WASHINGTON, Dec. 15 (UPI) — The team behind NASA’s Mercury orbiter, MESSENGER, has begun a competition to name the craters of Mercury.

People will not be allowed to pick their own name for the craters, but instead have to choose the name of an important person known for their work in arts or humanities who has been dead for at least three years and significant for at least 50.

The competition runs from Dec. 15 to Jan. 15, and they will announce the names that were chosen in March or April. “It is easier to say “Mt. Everest” rather than ‘the 8,484 meter peak located at 27°59′17″ N, 86°55′31″ E’” says the statement announcing the competition. They say it is easier for scientists to communicate about features of Mercury that may be significant if they have names.

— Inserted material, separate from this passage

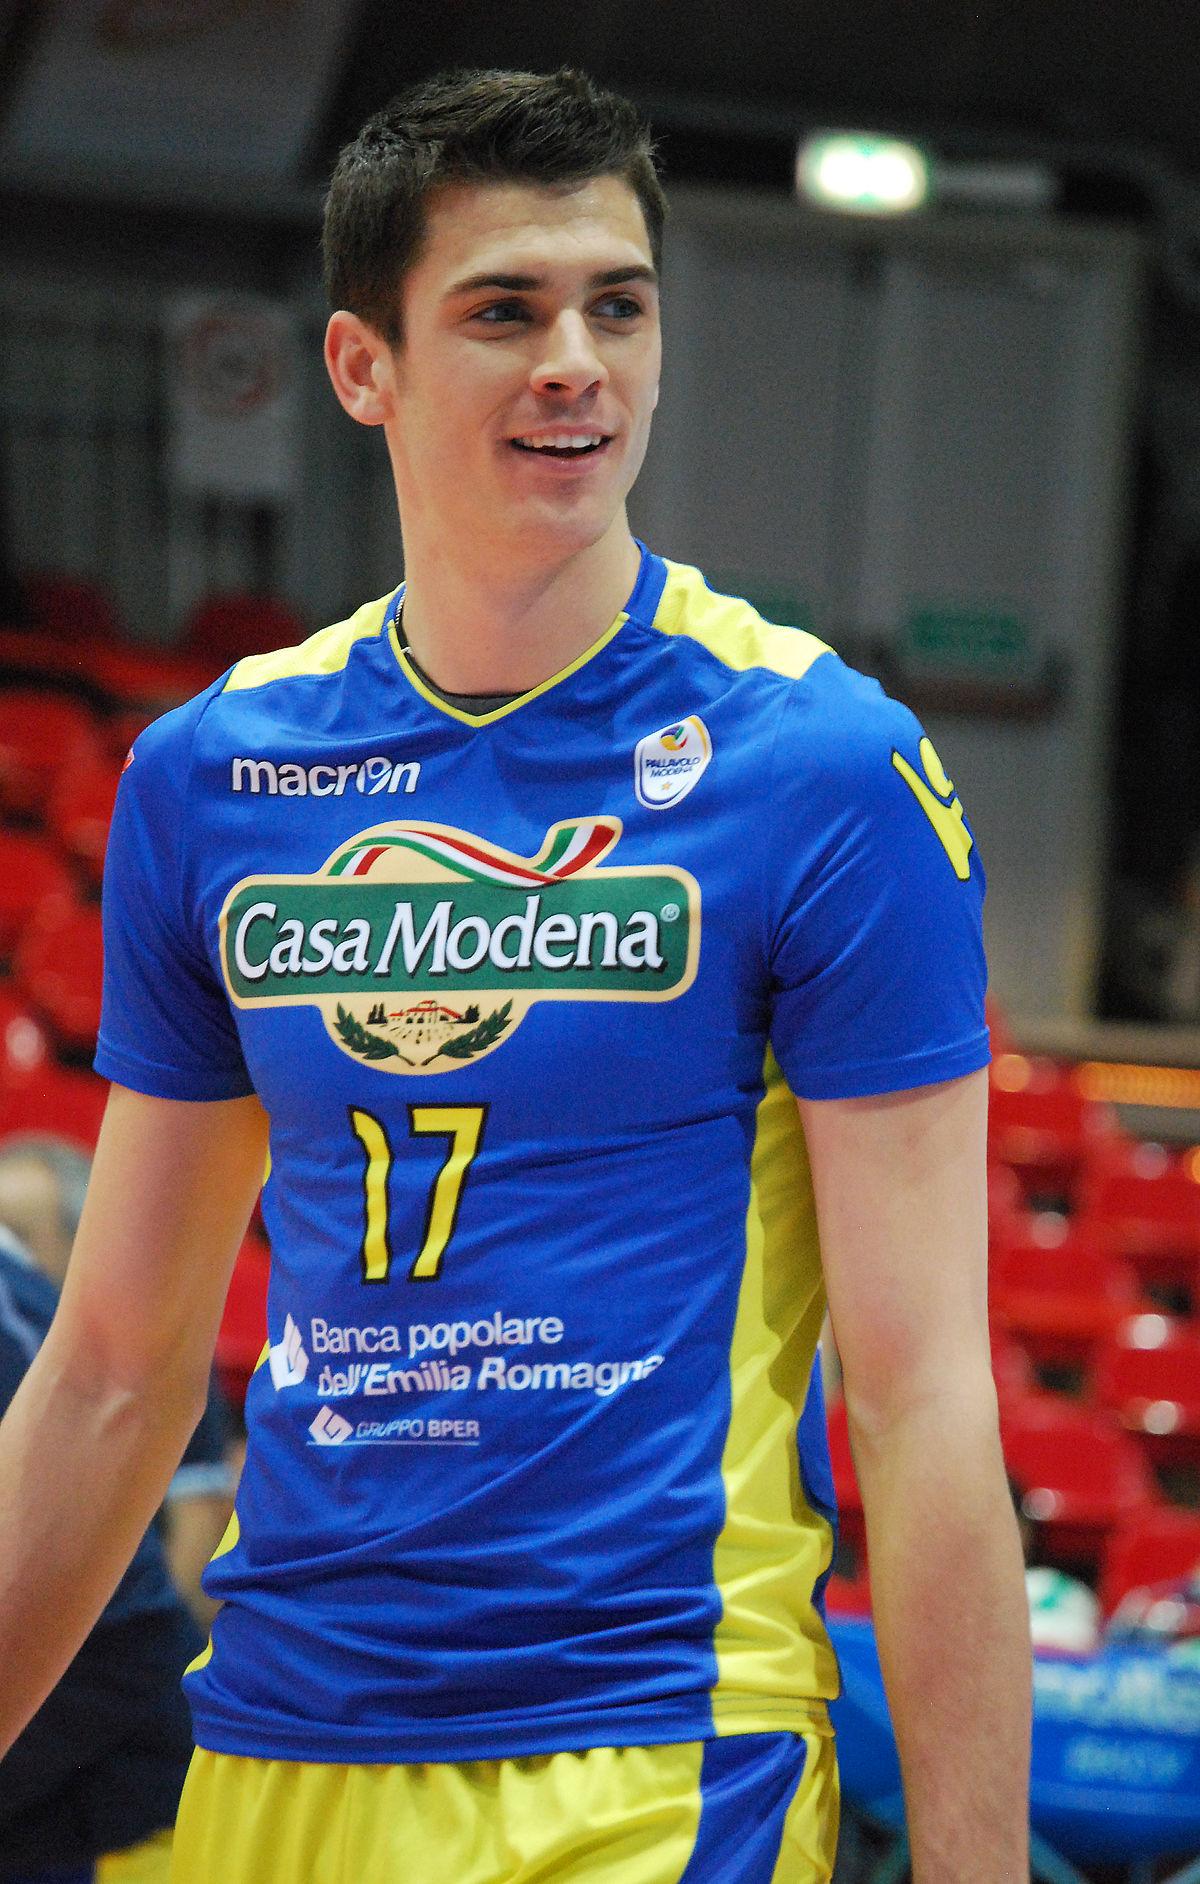 Matthew anderson wikipedia wolna encyklopedia for Casa modena volley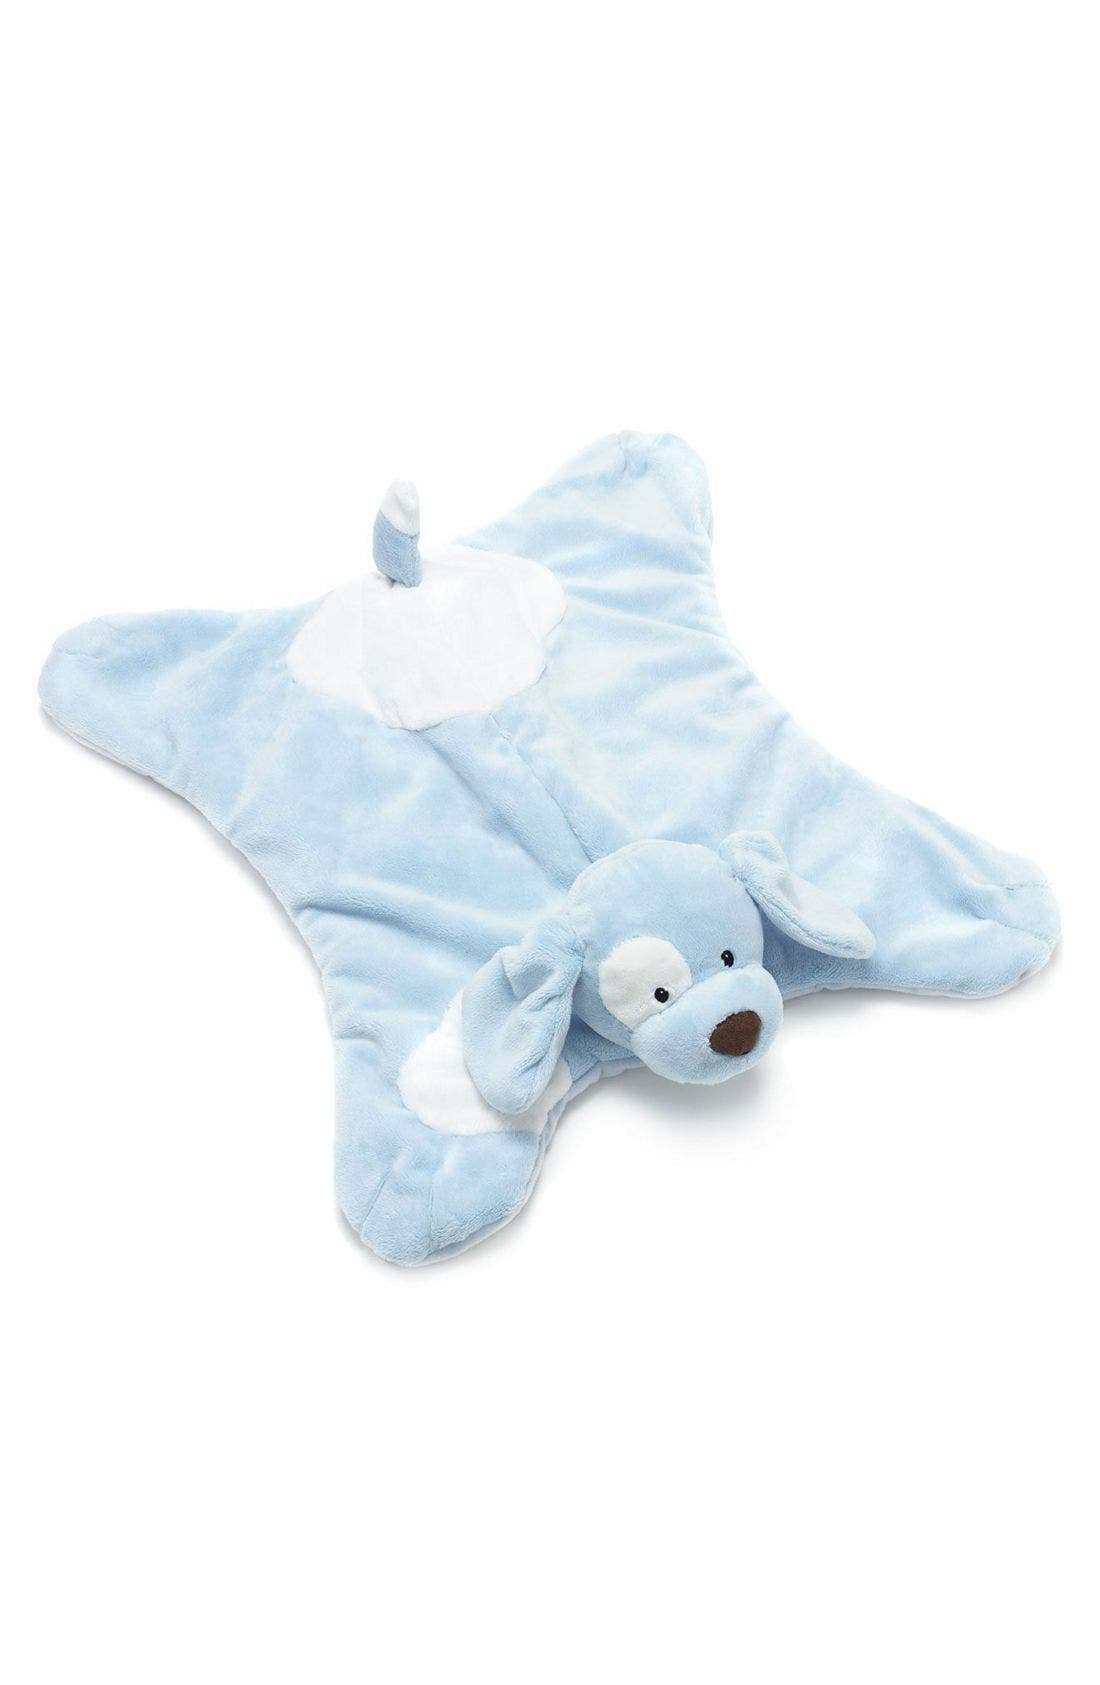 Alternate Image 1 Selected - Gund 'Comfy Cozy' Blanket

The MESSENGER spacecraft is the first to orbit Mercury completely and did so in March of 2011. They planned for the spacecraft to take roughly 2,500 photos of the planet, but it has since taken over 250,000. It is estimated the spacecraft will run out of fuel and crash into Mercury in March of 2015.

The MESSENGER wasn’t the first spacecraft to visit Mercury, but it’s the first to do so since the Mariner 10 space probe flew by Mercury in the 1970s. The Mariner only captured images of 45 percent of Mercury’s surface, and it used a significantly lower resolution camera compared to MESSENGER.